The chemical compounds I colorless oil, molecular formula C7H9O3Cl, anion HRESIMSm/z: 175.0162,177.0149 [M – H],1H and13C-NMR data are shown in Table 1.
1 chemical compounds I of table1H and13C NMR data (500 and 125MHz, in DMSO-d 6)a
Note: a) indicate this table signals assignment be based on DEPT,1H-1H COSY, HSQC and HMBC spectrum analysis result.Hydrogen signal Multiplicity uses s(singlet respectively), d(doublet), t(triplet) and m(multiplet) table;B) indicate in this column number and Code name respectively represents1H-1Coupling coherent signal is provided in H COSY spectrum with the 1H in corresponding line1H core;C) it indicates in this column Number and code name respectively represent HMBC compose in and in corresponding line1H provides coupling coherent signal13C core.
Embodiment 3
The test (cell inhibitory effect active testing) of anti tumor activity in vitro
(1) laboratory sample
The preparation of sample solution: test sample is the chemical compounds I sterling isolated and purified in above-described embodiment 1, accurate Appropriate amount of sample is weighed, the solution of required concentration is configured to methanol, for surveying activity.

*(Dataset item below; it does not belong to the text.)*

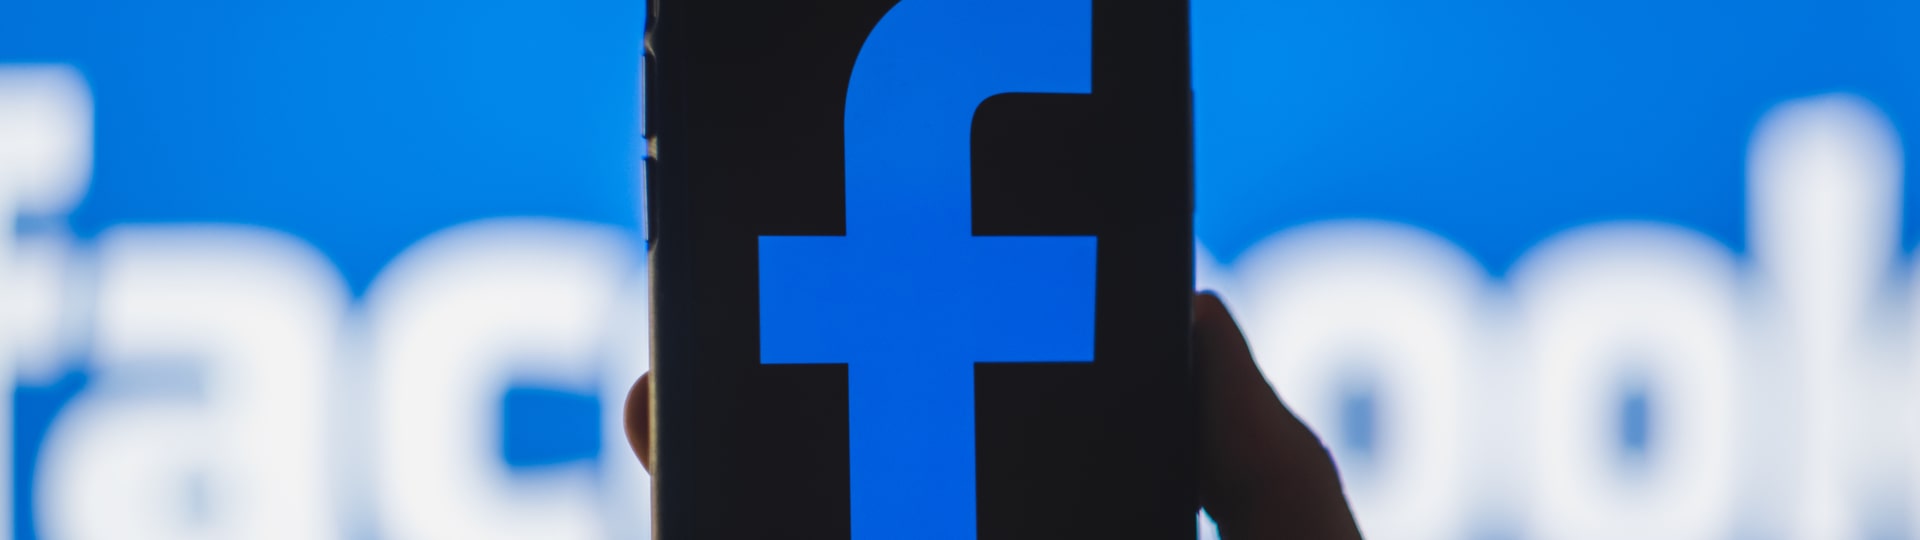 Facebook žádá soud, aby zamítl antimonopolní žalobu podanou obchodní komisí

The squamous subculture of cell line and cell uses Non-small cell lung carcinoma A549 cell and human hepatoma HepG2 cell, Use 10%BCS(OEG cell growth hormone) 1640 culture mediums, 37 DEG C in be passed through 0.5% carbon dioxide incubator relay It is commissioned to train feeding.
(2) experimental method
Cell inhibitory effect activity test method: the people of tetramethyl azo azoles salt (MTT) method logarithmic growth phase is non-small thin Born of the same parents' lung cancer A549 cell and human hepatoma HepG2 cell, after cell is digested with pancreatin, adjusting density is 2~3 × 104A/ Hole makes an addition in 96 orifice plates, and 195 microlitres of every hole is placed in 37 DEG C, 0.5%CO2It cultivates 24 hours, is then added not in incubator With concentration samples solution into 96 orifice plates, each concentration of sample is respectively provided with three holes in 96 orifice plate of same, using methanol as Negative right, 37 DEG C, 0.5%CO2It is cultivated 48 hours in incubator;96 orifice plates are taken out, 20 microlitres of MTT are added in every hole, and (tetramethyl is even Nitrogen azoles salt) (5 mg/ml of concentration), continue culture 4 hours;Culture solution is abandoned, 150 microlitres of DMSO (dimethyl sulfoxide) are added in every hole, The light absorption that each hole is measured at 37 DEG C of oscillations 6 min, 492 nm, takes three hole mean OD values by IR(%)=(OD negative control-OD Sample)/OD negative control × 100% formula calculates the cell proliferation inhibition rate (IR%) under each concentration.
(3) experimental result
In mtt assay test, the chemical compounds I of various concentration is to Non-small cell lung carcinoma A549 cell and human liver cancer The Proliferation Ability result of HepG2 cell is shown in Table 2 respectively.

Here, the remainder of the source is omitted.